**Try it**
Write out again, word for word, the lines below from the line that holds "As secas cíclicas" through the line that holds "Estand de NGM", omitting pictures.

**Supplied data**

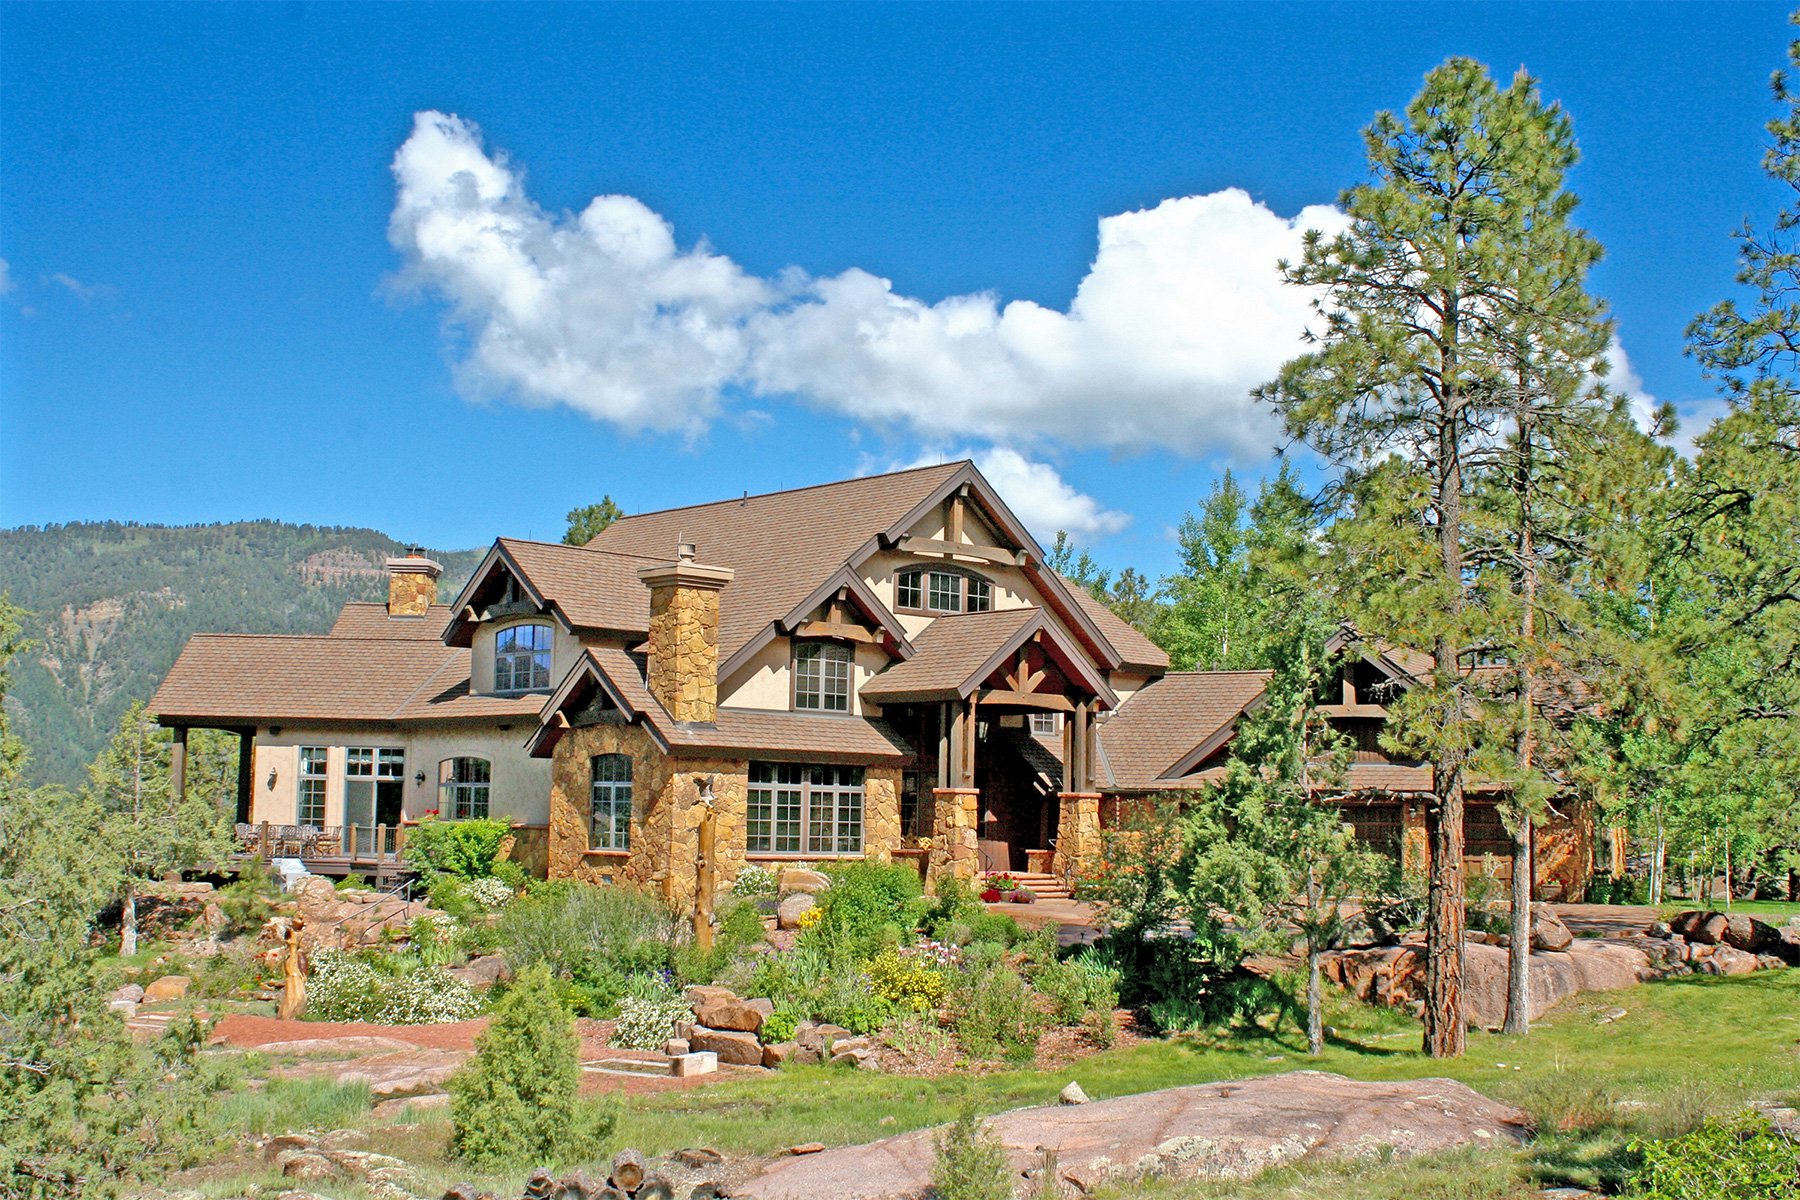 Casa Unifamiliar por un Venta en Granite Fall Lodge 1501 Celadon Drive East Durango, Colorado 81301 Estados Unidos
* * *
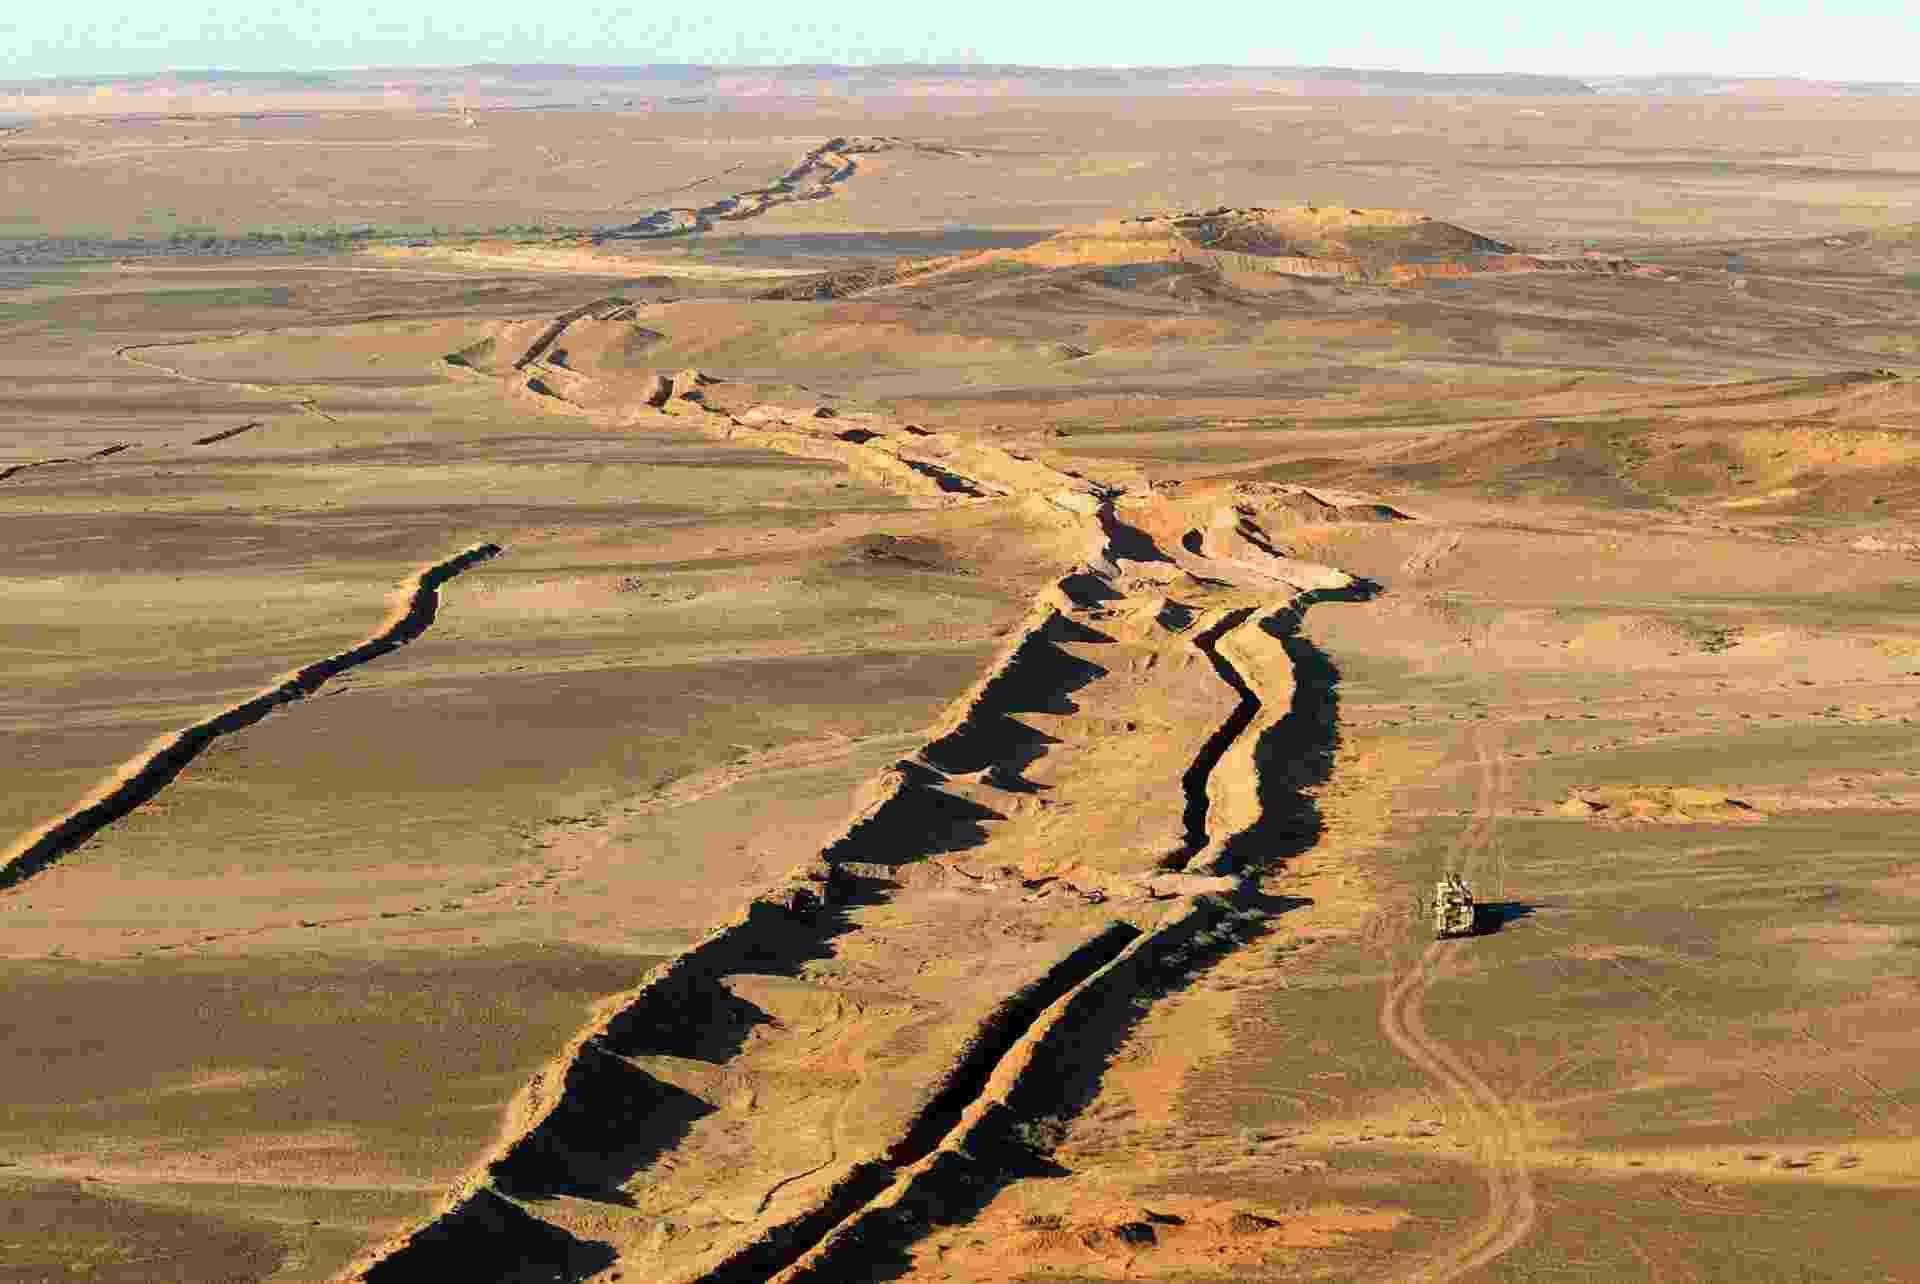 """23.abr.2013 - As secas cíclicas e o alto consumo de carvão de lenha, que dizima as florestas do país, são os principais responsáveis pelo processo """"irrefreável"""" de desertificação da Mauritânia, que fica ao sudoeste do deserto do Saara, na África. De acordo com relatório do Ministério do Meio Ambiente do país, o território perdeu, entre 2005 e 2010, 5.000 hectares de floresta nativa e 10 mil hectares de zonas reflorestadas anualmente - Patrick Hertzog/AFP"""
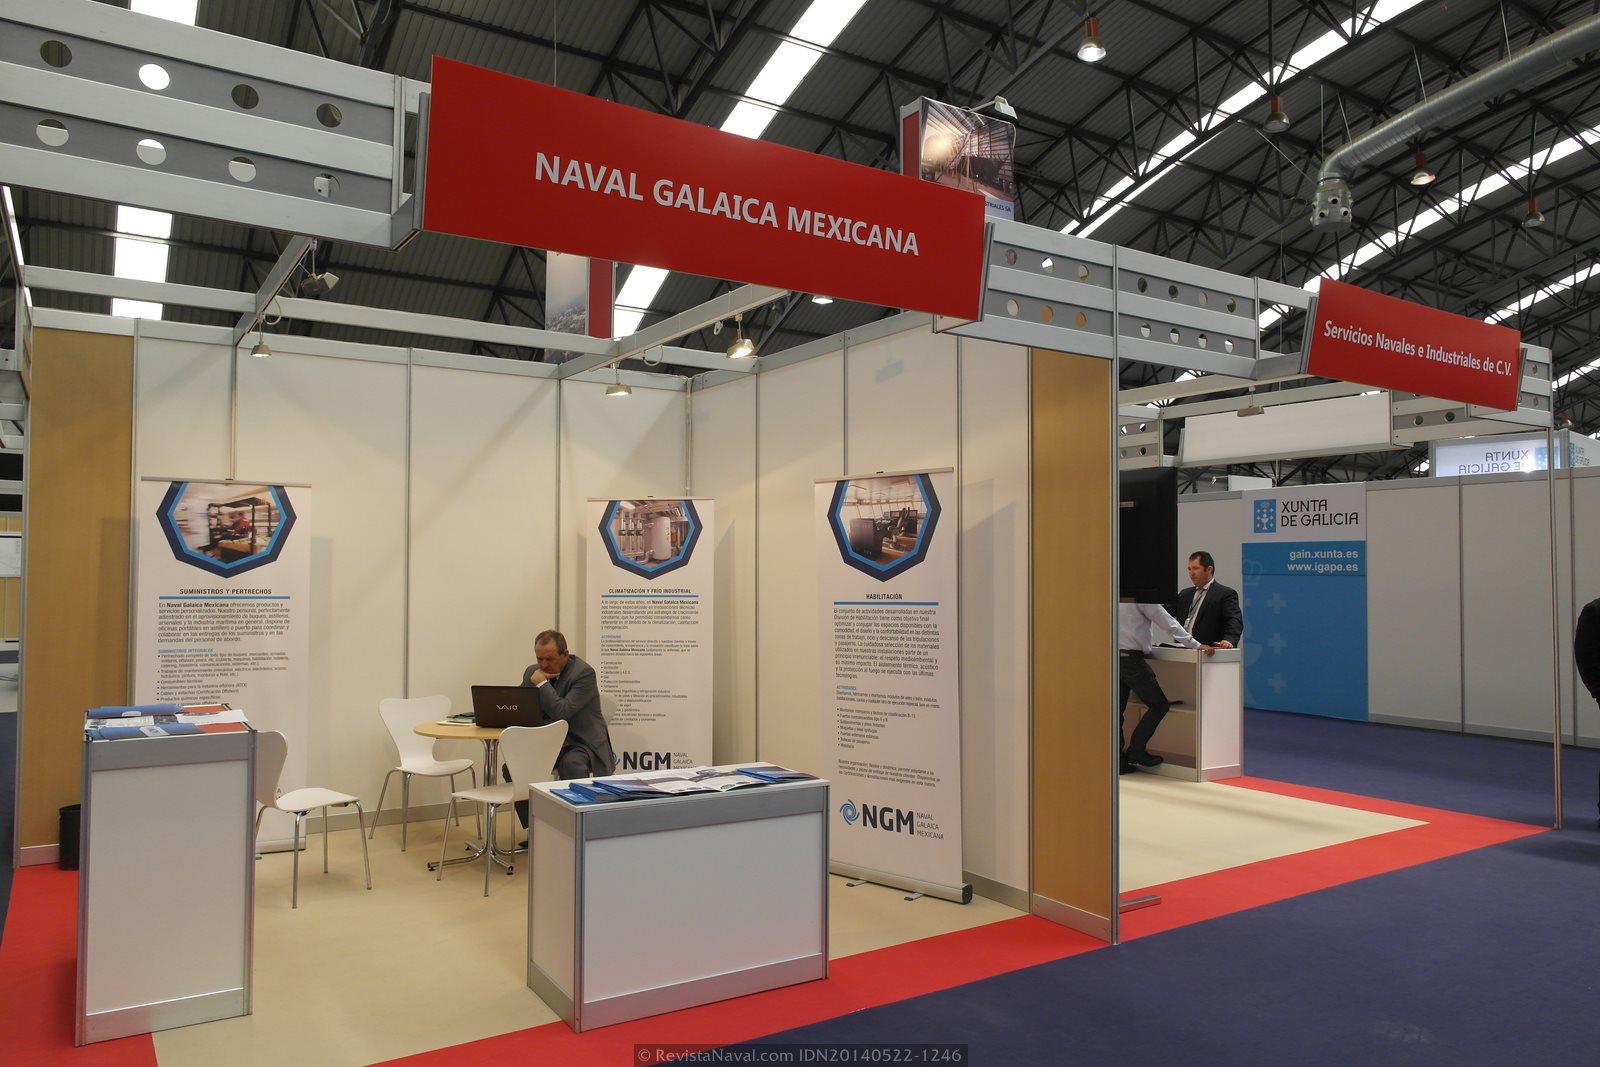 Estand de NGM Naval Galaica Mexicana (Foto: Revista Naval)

**Exercise answer**
 """23.abr.2013 - As secas cíclicas e o alto consumo de carvão de lenha, que dizima as florestas do país, são os principais responsáveis pelo processo """"irrefreável"""" de desertificação da Mauritânia, que fica ao sudoeste do deserto do Saara, na África. De acordo com relatório do Ministério do Meio Ambiente do país, o território perdeu, entre 2005 e 2010, 5.000 hectares de floresta nativa e 10 mil hectares de zonas reflorestadas anualmente - Patrick Hertzog/AFP"""
 Estand de NGM Naval Galaica Mexicana (Foto: Revista Naval)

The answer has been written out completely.